The Diabetes Group grew revenues in the mid-single digits.1 In the fourth quarter of fiscal year 2017, the group started the U.S. Customer Training Phase of the MiniMed® 670G, the world’s first hybrid closed loop insulin delivery system, which it intends to broadly launch in fiscal year 2018. The group also continued to see strong adoption of its continuous glucose monitor (CGM) sensors and MiniMed® 640G System outside the United States.


Executive Compensation Philosophy


Our performance-based compensation programs align the interests of our Named Executive Officers (NEOs) with those of our shareholders. When our shareholders do well, our NEOs receive performance pay. We have developed programs that enable us to attract, retain and engage highly talented executives with compensation packages established pursuant to the following principles:


Pay for Performance. We emphasize pay for performance by fixing at least 75% of target total direct compensation (base salary + target annual incentive + target long-term incentive) on the attainment of annual and long-term Company performance goals.
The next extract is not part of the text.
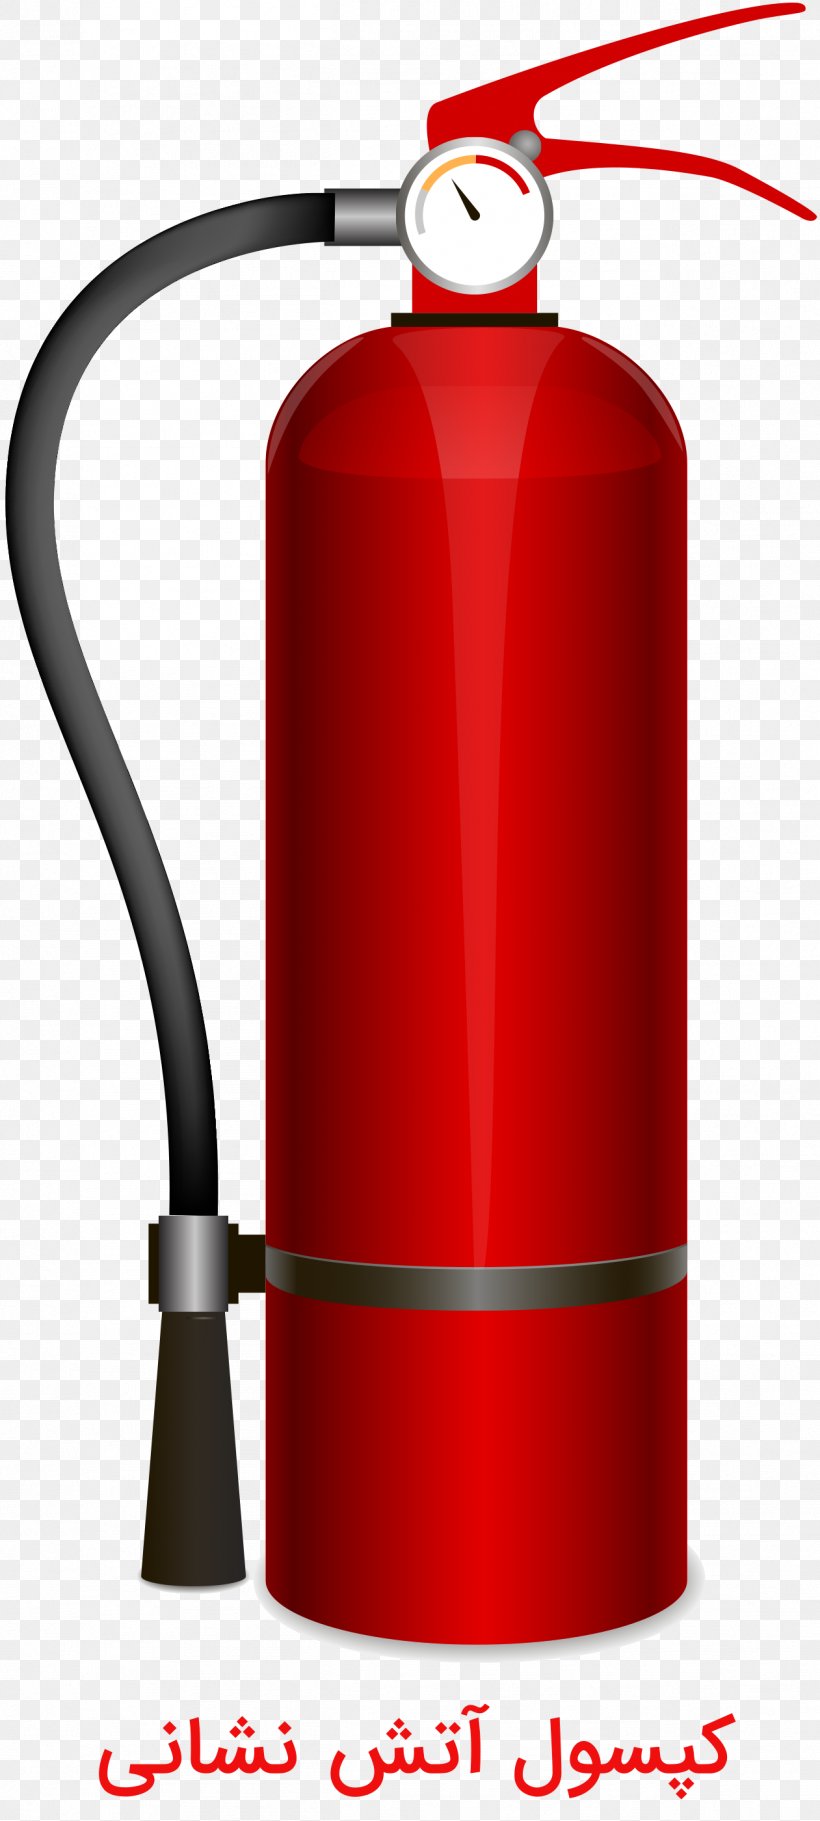 Fire Extinguishers Active Fire Protection Conflagration, PNG, 1261x2801px, Fire Extinguishers, Active Fire Protection, Carbon Dioxide, Condensed Aerosol Fire Suppression, Conflagration Download Free

Market Competitive. We offer market-competitive total direct compensation consisting of base salary, an annual cash incentive and long-term cash and equity incentives. Our targets match the median of our peer group.


Market Median Pay. We calibrate each element of total direct compensation to fall within a market median range that is +/- 15% around median of our comparator group for base salary and annual incentive and +/- 20% around median for long-term incentives and total direct compensation. We use the median because at least 75% of NEO compensation is tied to annual and long-term Company performance; performance that is above or below the median of our Comparison Group will generate compensation that is above or below the median compensation for the same group.
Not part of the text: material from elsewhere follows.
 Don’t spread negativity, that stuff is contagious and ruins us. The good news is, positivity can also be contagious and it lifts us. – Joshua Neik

Experience/Performance Adjustment. We leverage data from the market median of our compensation Comparison Group to identify our competitive market for talent. Then we make appropriate adjustments to ensure each NEO’s competitive compensation reflects the NEO’s experience and performance.


Comprehensive Benefit Programs. We enhance competitive total direct compensation with comprehensive employee benefit programs that support retirement, health and wellness. NEOs have the same health and retirement benefits as all employees.


Shareholder Value Alignment. We align incentive programs with shareholder value creation by using annual and three-year performance measures that drive shareholder value. Incentive goals are derived from our Board-approved annual operating plan and our Board-approved long-term strategic plan, both of which are shared with investors.


Focus on Quality. We emphasize quality; payouts under our annual incentive plan can be reduced if a quality compliance modifier performance threshold is not achieved. The quality modifier, which may reduce but not increase a payout, is designed to align Medtronic employees with the Medtronic Mission, “To strive without reserve for the greatest possible reliability and quality in our products...”. The modifier uses Food and Drug Administration inspection observation to provide a standardized and rigorous assessment of our product and process quality.


1 Revenue growth, diluted earnings per share growth, and operating margin improvement are provided on a constant currency, constant week basis, or on a constant currency basis and are considered “non-GAAP” financial measures under applicable SEC rules and regulations. Reconciliations of these non-GAAP financial measures to the most directly comparable GAAP financial measures are included in Appendix A of this proxy statement.
2 Free cash flow is operating cash flow minus capital expenditures, and is considered a “non-GAAP” financial measure under applicable SEC rules and regulations. Reconciliations of this non-GAAP financial measure to the most directly comparable GAAP financial measures are included in Appendix A of this proxy statement.